É interessante observar como o prefácio da edição de “Júlio César”, de William Shakespeare (1564-1616), da Penguin-Companhia das Letras, 186 páginas, escrito pelo grande crítico literário Harold Bloom, comenta como a peça é considerada “fria” por muitos especialistas. Ele cita, inclusive, as palavras do “maior especialista de todos”, Samuel Johnson: “nesta peça, vários trechos merecem a atenção, e a contenda e reconciliação de Bruto e Cássio são celebradas universalmente. Em mim, porém, a trama jamais causou grande comoção; chego a considerá-la um tanto fria e inócua, comparada a outras peças de Shakespeare; a maneira com que se prende à História e aos costumes romanos parece haver bloqueado o vigor natural de sua genialidade”.

Apesar do título, a peça se concentra basicamente na figura de Bruto (Roma, 85 a.C. - Filipos, 42 a.C), protegido, e posteriormente, um dos participantes famoso assassinato do líder político Júlio César (Roma,100 a.C. – Roma, 44 a.C.) no Senado Romano.

Na época em que ocorrem os acontecimentos apresentados na peça, Roma está no final da República. Júlio César já se declarou ditador perpétuo, e os conspiradores contra sua vida têm receio que ele queira transformar Roma num Império. Na peça, são apresentadas diversas cenas envolvendo o planejamento do homicídio do político, além do próprio assassinato de Júlio César e o início da reação popular contra os conspiradores (spoiler: eles se dão muito mal).

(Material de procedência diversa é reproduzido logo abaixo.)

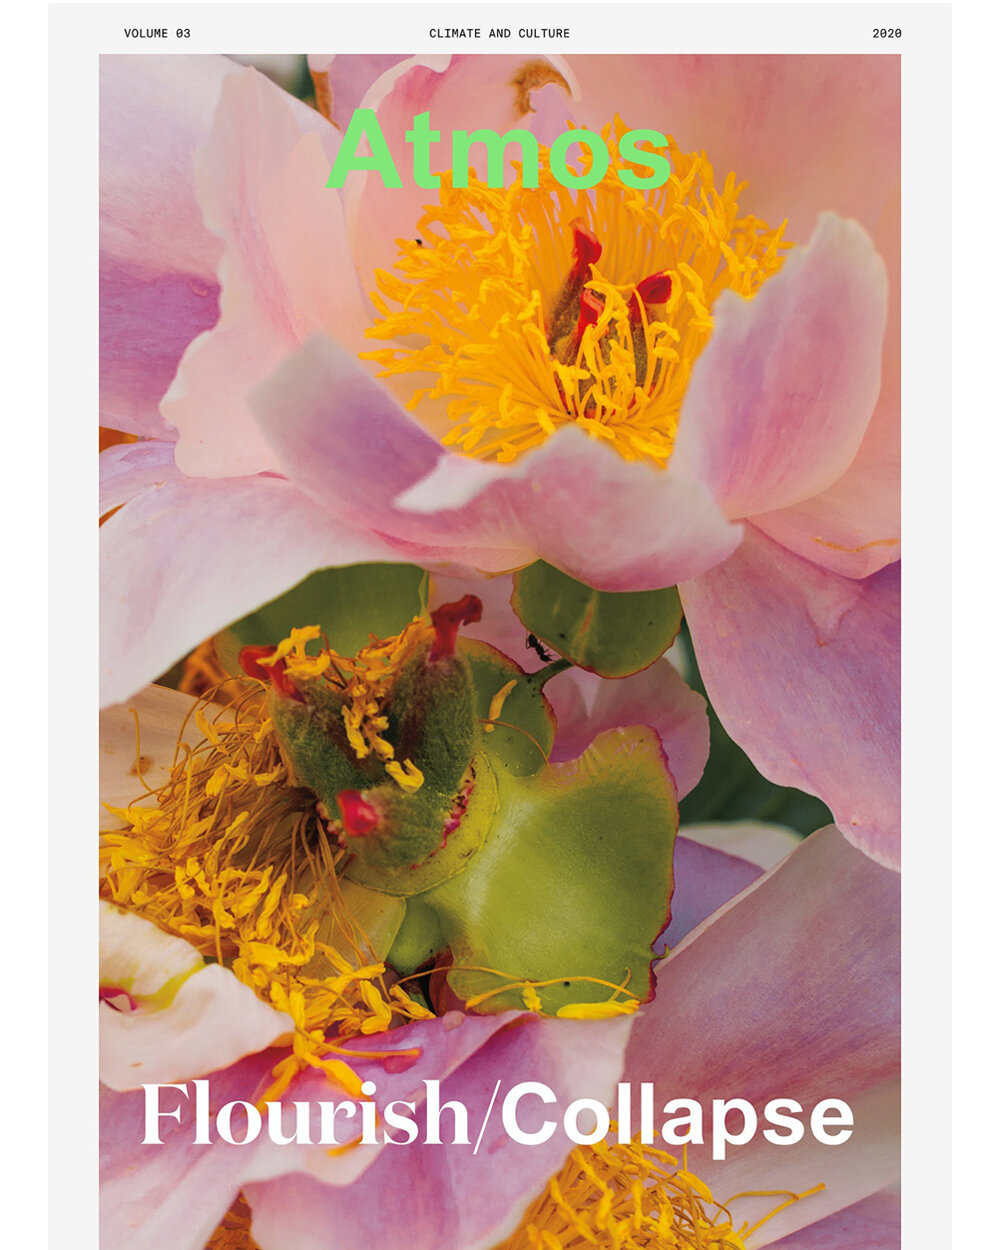 atmos-magazine-pink-flower-flourish-collapse-climate-change.jpg
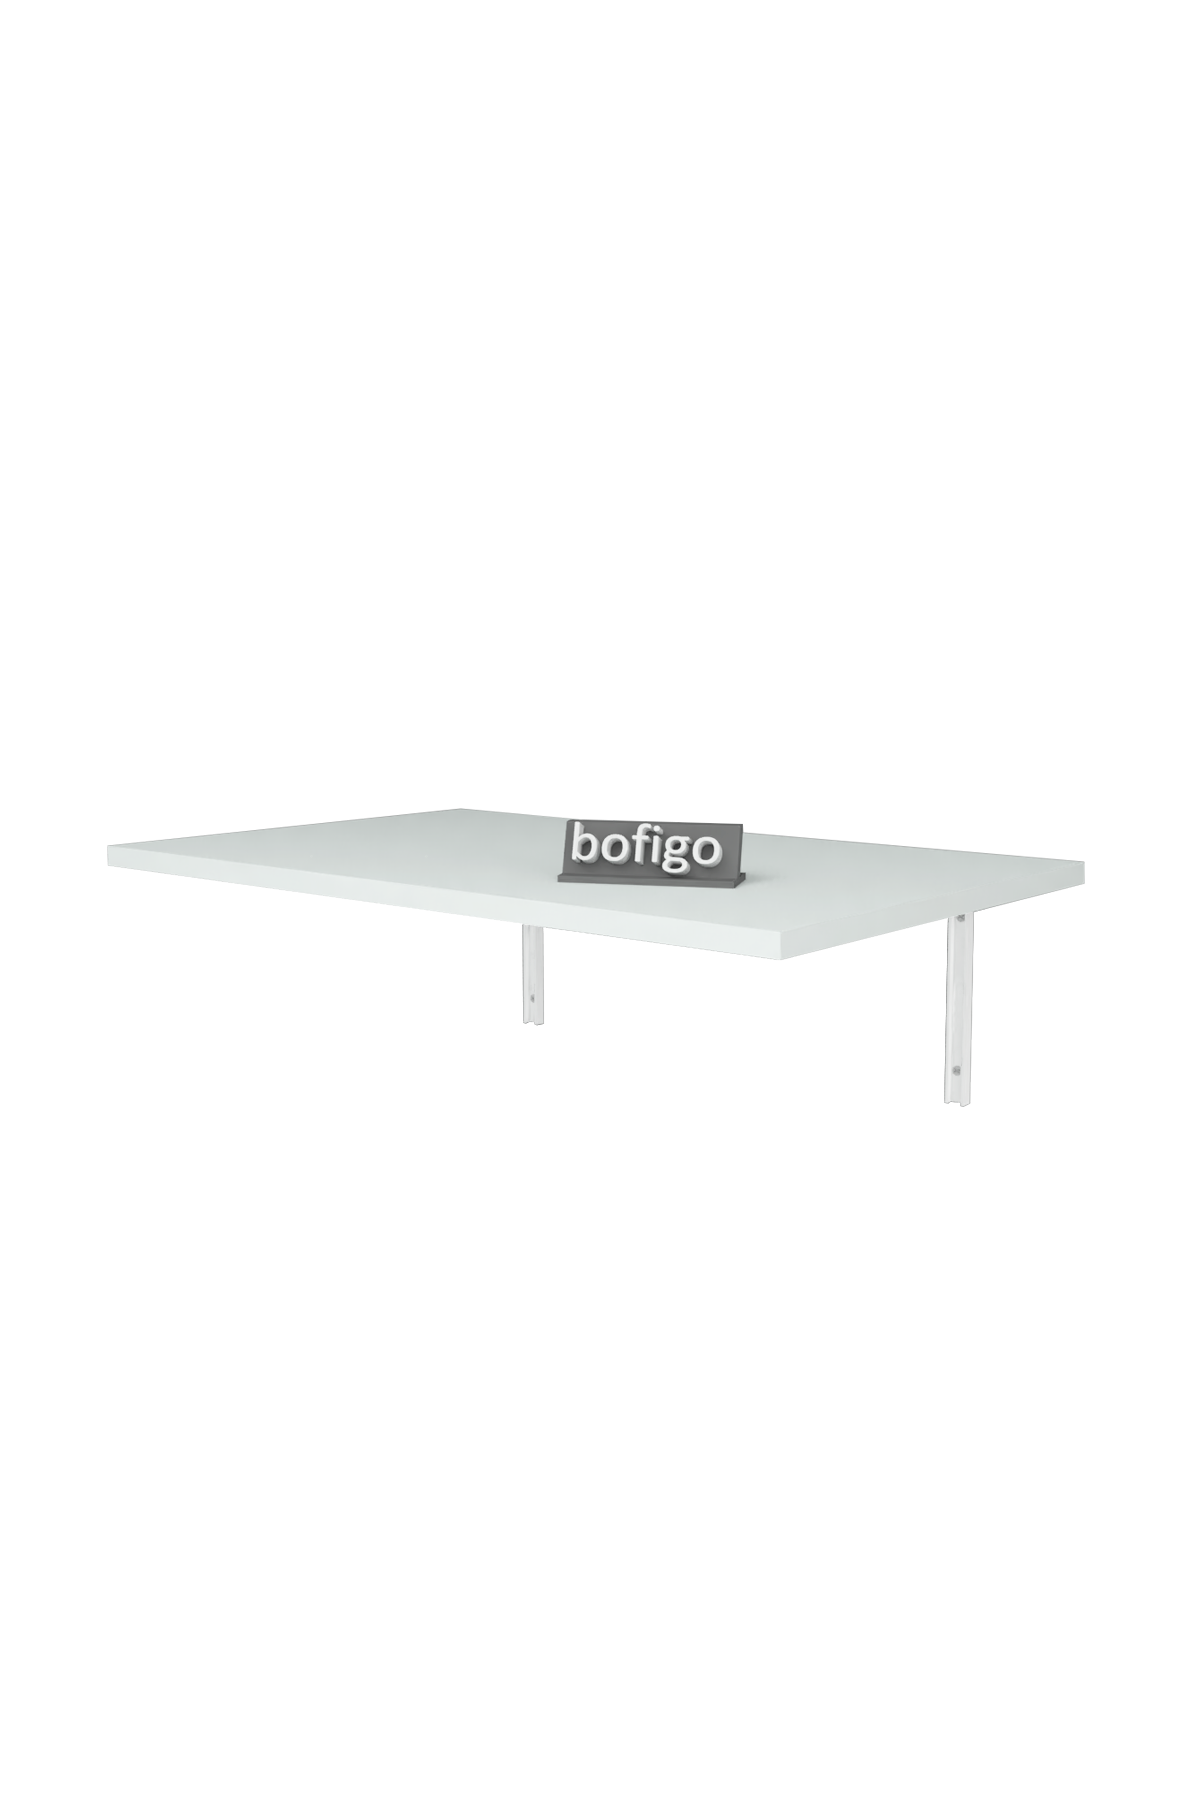 Bofigo 72 x 45 Cm Folding Table Wall Mounted Table Kitchen Table Balcony Table Study Desk

Entre todos os conspiradores, Bruto parece o único preocupado com o futuro de Roma – ao contrário dos demais, não parece ter nenhum interesse pessoal no assassinato, só entrando na conspiração para proteger a República Romana. É um grande personagem de uma grande peça de teatro – ao contrário dos críticos citados acima, não achei a peça nem um pouco fria.

Já a biografia “Júlio César”, de Joël Schmidt, impressiona ao descrever a inteligência maquiavélica do ditador romano (100-44 a.C.) ao manipular adversários políticos para conseguir o objetivo de acabar com a República Romana e fundar o Império – o que, se não conseguiu, abriu caminho para que Augusto (63 a.C. – 14 d.C.), seu sobrinho, o fizesse anos depois de sua morte.

O Júlio César que emerge da biografia é de um homem bem quisto por seus soldados, excelente estrategista, e sexualmente voraz – era famoso por dormir com as mulheres de outros importantes líderes romanos. Não era mesquinho, embora tenha estado abaixo de sua grandeza, segundo Joël Schmidt, quando se irritou com o líder gaulês Vercingetórix quando da rendição deste em Alésia, na Gália (atual França), em 52 a.C.

Finalmente, “Império Romano”, da Netflix, é uma série em três temporadas no estilo dos documentários da History Channel/H2 (ou seja, com atores, permeada com comentários de especialistas), apresentando, em cada uma delas, a história de um dirigente romano.

A primeira temporada, com seis episódios, é dedicada a Cômodo (161-192), que foi imperador romano entre 180 e 192. Ele é considerado um dos responsáveis pelo início da decadência do Império, e a série da Netflix se concentra nas várias conspirações contra dele e no seu desejo de ser gladiador – chegou a lutar no Coliseu, inclusive - mesmo sendo mandatário romano. A terceira temporada, com quatro episódios, é dedicada ao imperador Calígula (12-41 d.C.). Ele iniciou bem seu mandato imperial, no ano de 37, mas depois de uma crise em que ficou semanas em coma, acordou irreconhecível, transformando-se num tirano paranoico.  A segunda temporada, com cinco episódios, é sobre Júlio César, sobre o qual já comentei acima.

Dá uma boa ideia da violência da sociedade romana o fato de que os três imperadores objeto da série da Netflix terem acabado seus dias assassinados.